Walki wokół Doniecka

Jednocześnie pod ostrzałem jest ponownie miejscowe lotnisko międzynarodowe. Słychać strzały i wybuchy. Według relacji świadków lotnisko jest ostrzeliwane przez artylerię.

Według świadków w pobliżu bazy treningowej klubu piłkarskiego _ Szachtar _ Donieck było słychać strzały z broni maszynowej i odgłosy eksplozji. Nad okolicą widziano także śmigłowiec.

Prorosyjscy bojówkarze napadli także na przejście graniczne Diakowe. Według rzecznika ukraińskiej służby granicznej brało w nim udział około 80 bojowników, uzbrojonych w broń automatyczną i moździerze. Atak udało się odeprzeć, gdy w rejon starcia skierowano transportery opancerzone.

Według Służby Granicznej, atak miał umożliwić przejazd przez zieloną granicę kolejnych samochodów z bronią i najemnikami z Rosji.Wczoraj zatrzymano dwie półciężarówki, między innymi, z automatami Kałasznikowa. Funkcjonariusze bronili wtedy innego przejścia.

Wydalono rosyjskiego dziennikarza

Z Ukrainy wydalono rosyjskiego dziennikarza. Służba Bezpieczeństwa Ukrainy orzekła, iż korespondent _ Komsomolskoj Prawdy _ Aleksandr Koc aktywnie współpracował i wspierał prorosyjskich separatystów ze Słowiańska.

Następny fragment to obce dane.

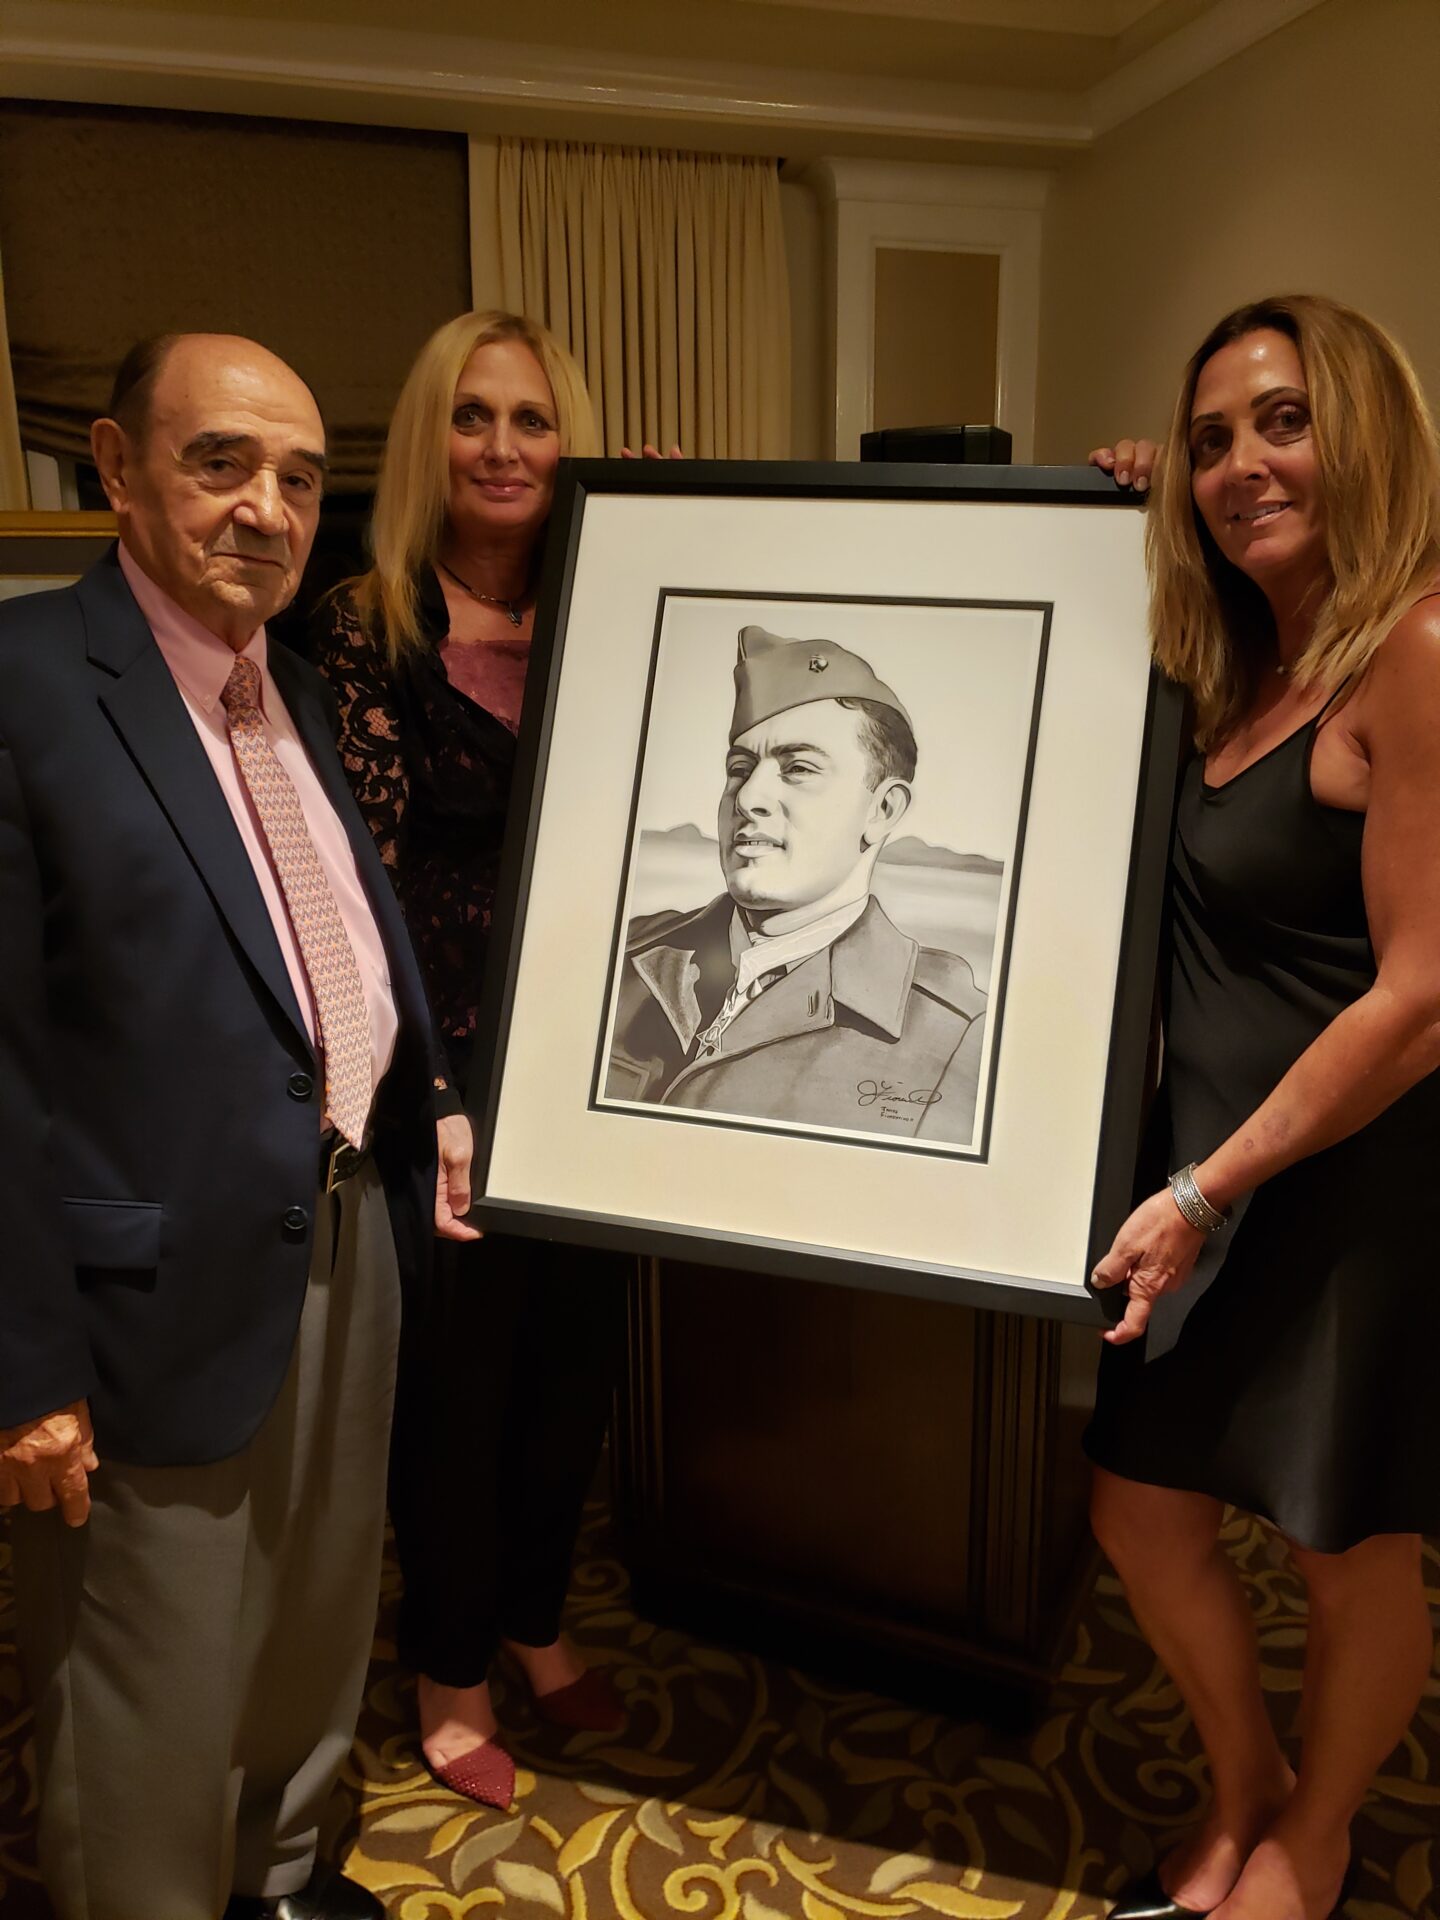 From left Donald Basilone, brother of John Basilone, Diane Hawkins, and Kim Van Note, nieces of John Basilone, hold a portrait of Sgt. John Basilone painted by Artist James Fiorentino.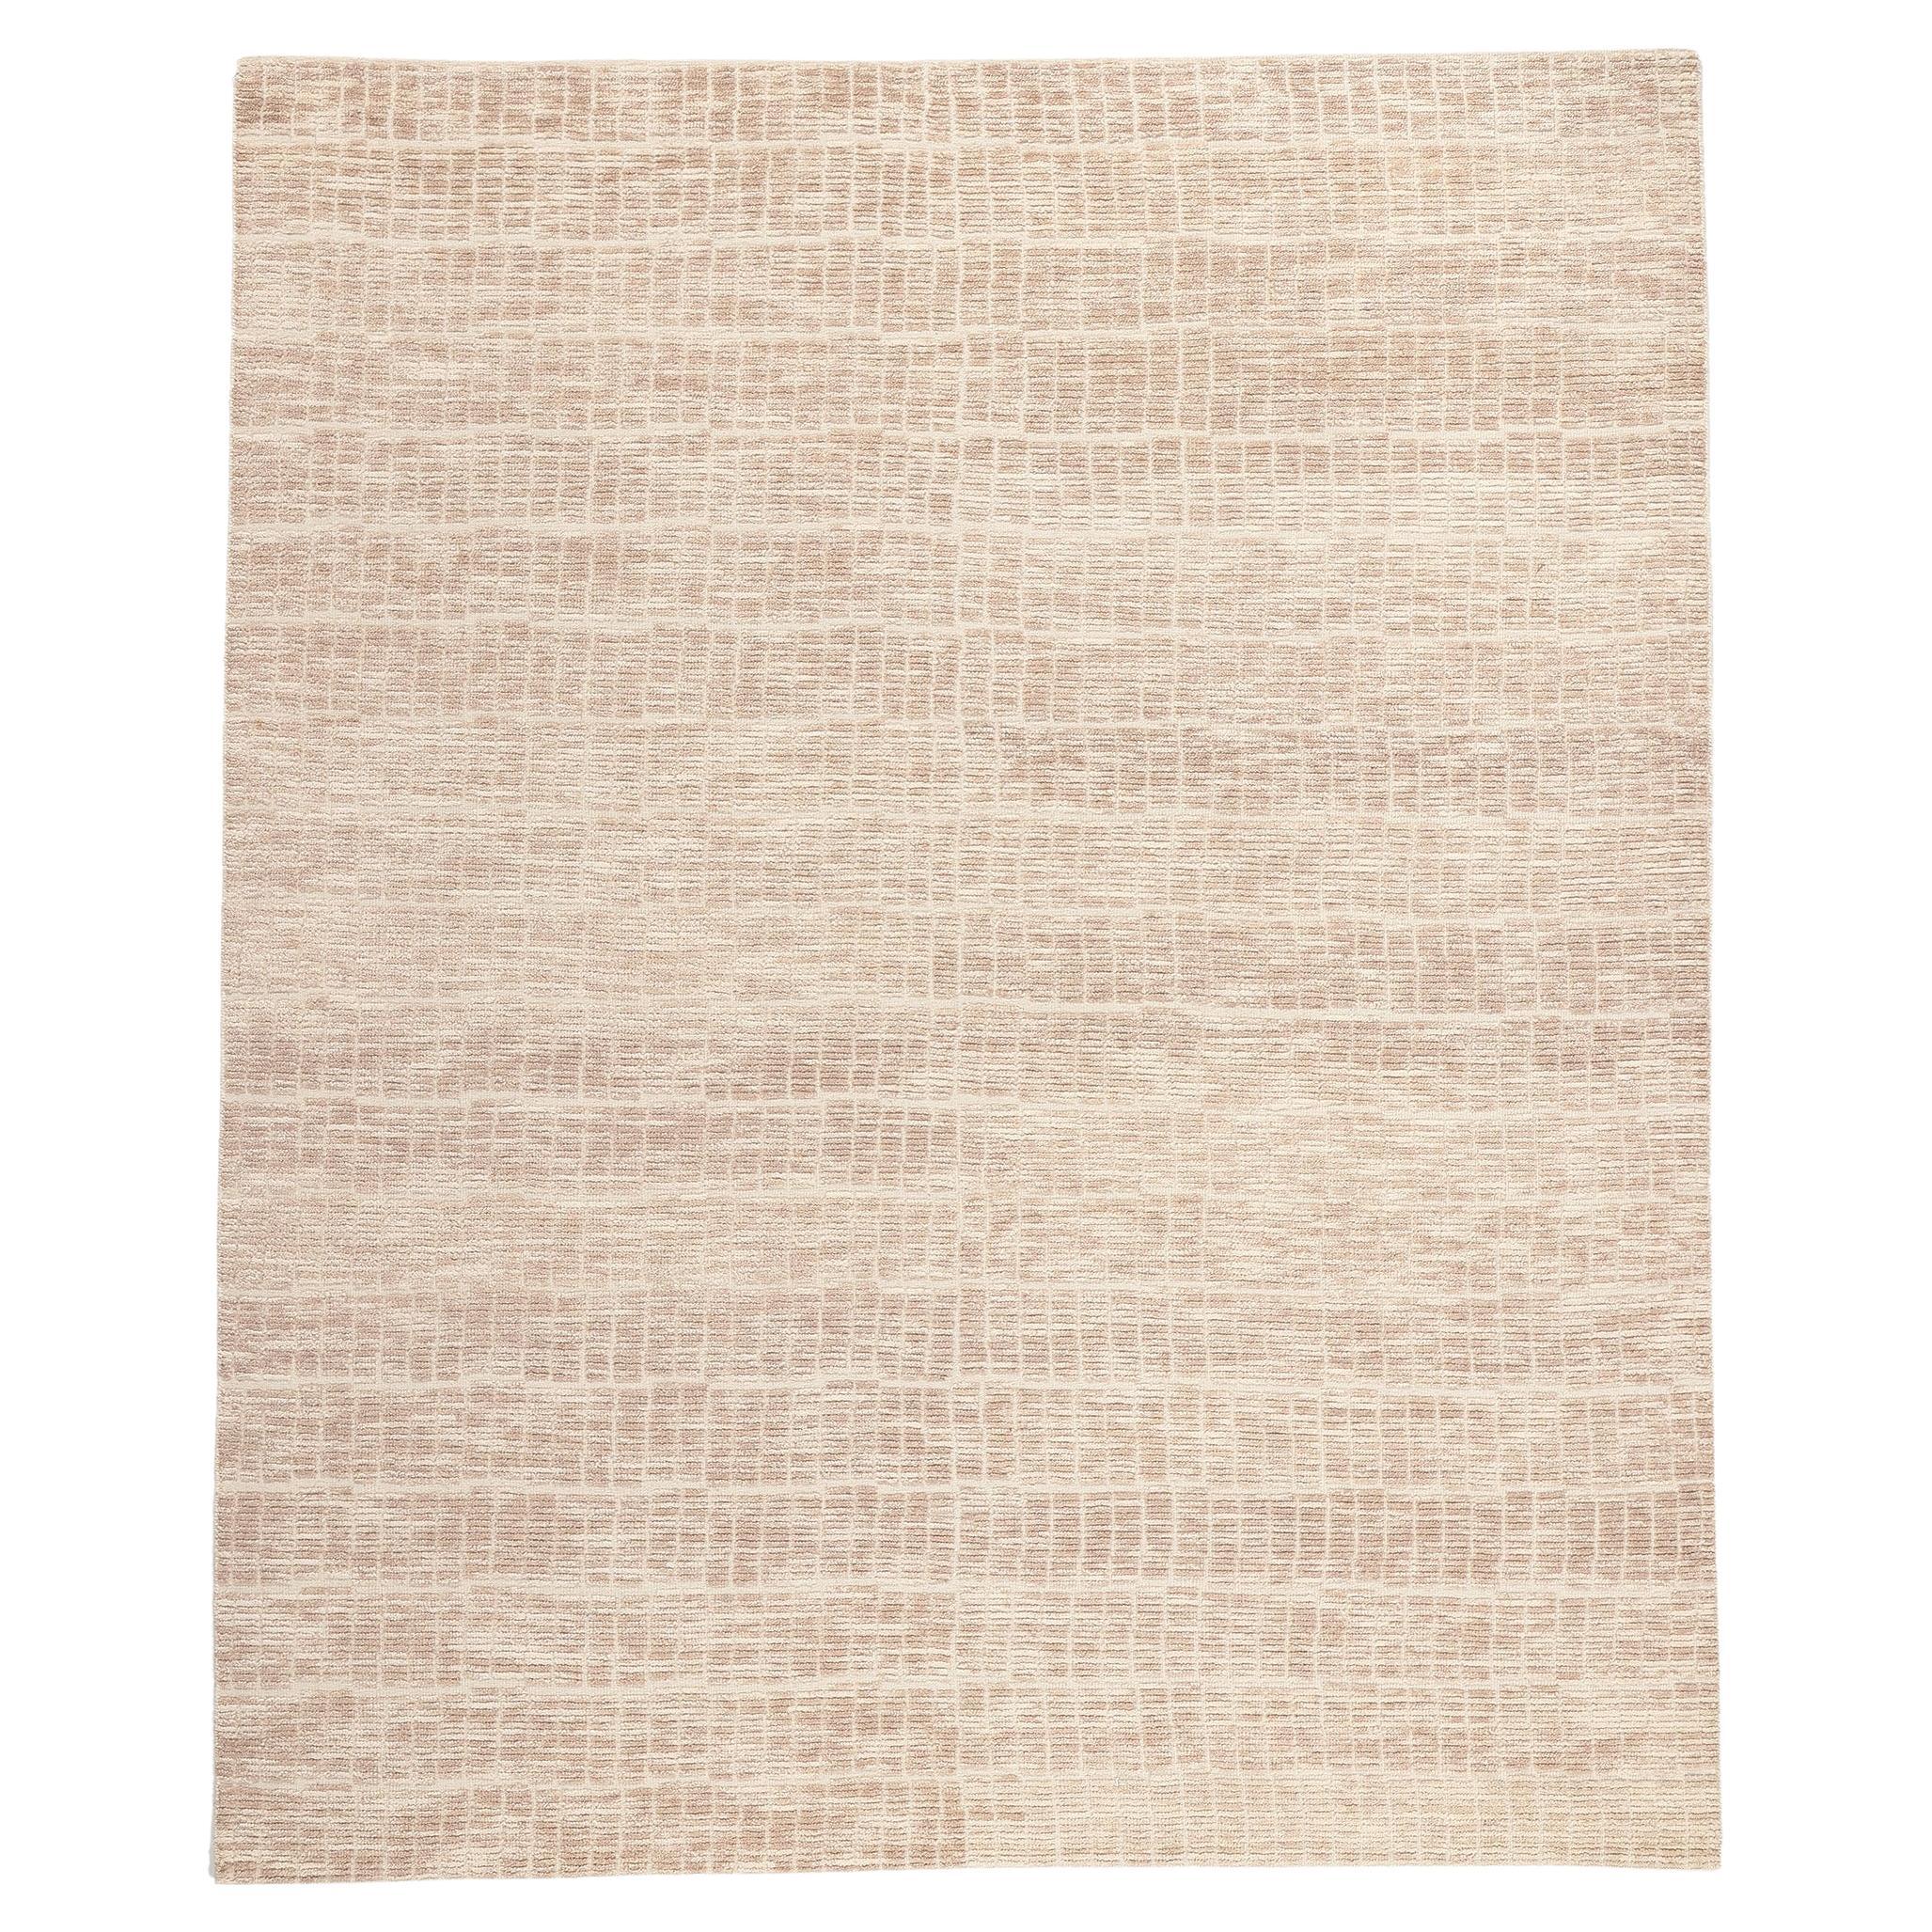 Organic Modern High-Low Rug, Abstract Expressionism Meets Subtle Shibui

Telewizja Espreso poinformowała, że Koc został wsadzony do pociągu, jadącego do Rosji. Otrzymał też 5-letni zakaz wjazdu na Ukrainę. Zakaz taki nałożono też na redakcyjnego kolegę Koca, Dmitrija Steszina, który, według Służby Bezpieczeństwa, _ naruszył prawo o statusie cudzoziemca _.
Jak twierdzi telewizja Espreso, obaj dziennikarze w ostatnich miesiącach przesyłali z Ukrainy wiele korespondencji, w których dopuszczali się manipulacji, a nawet kłamstw. Jeden z nich próbował w 2006 roku wywiesić rosyjską flagę na Krymie, a drugi ma być związany z rosyjskimi organizacjami nacjonalistycznymi.

Czytaj więcej w Money.pl

Oceń jakość naszego artykułu:
Twoja opinia pozwala nam tworzyć lepsze treści.
Źródło:
money.pl
KOMENTARZE
(0)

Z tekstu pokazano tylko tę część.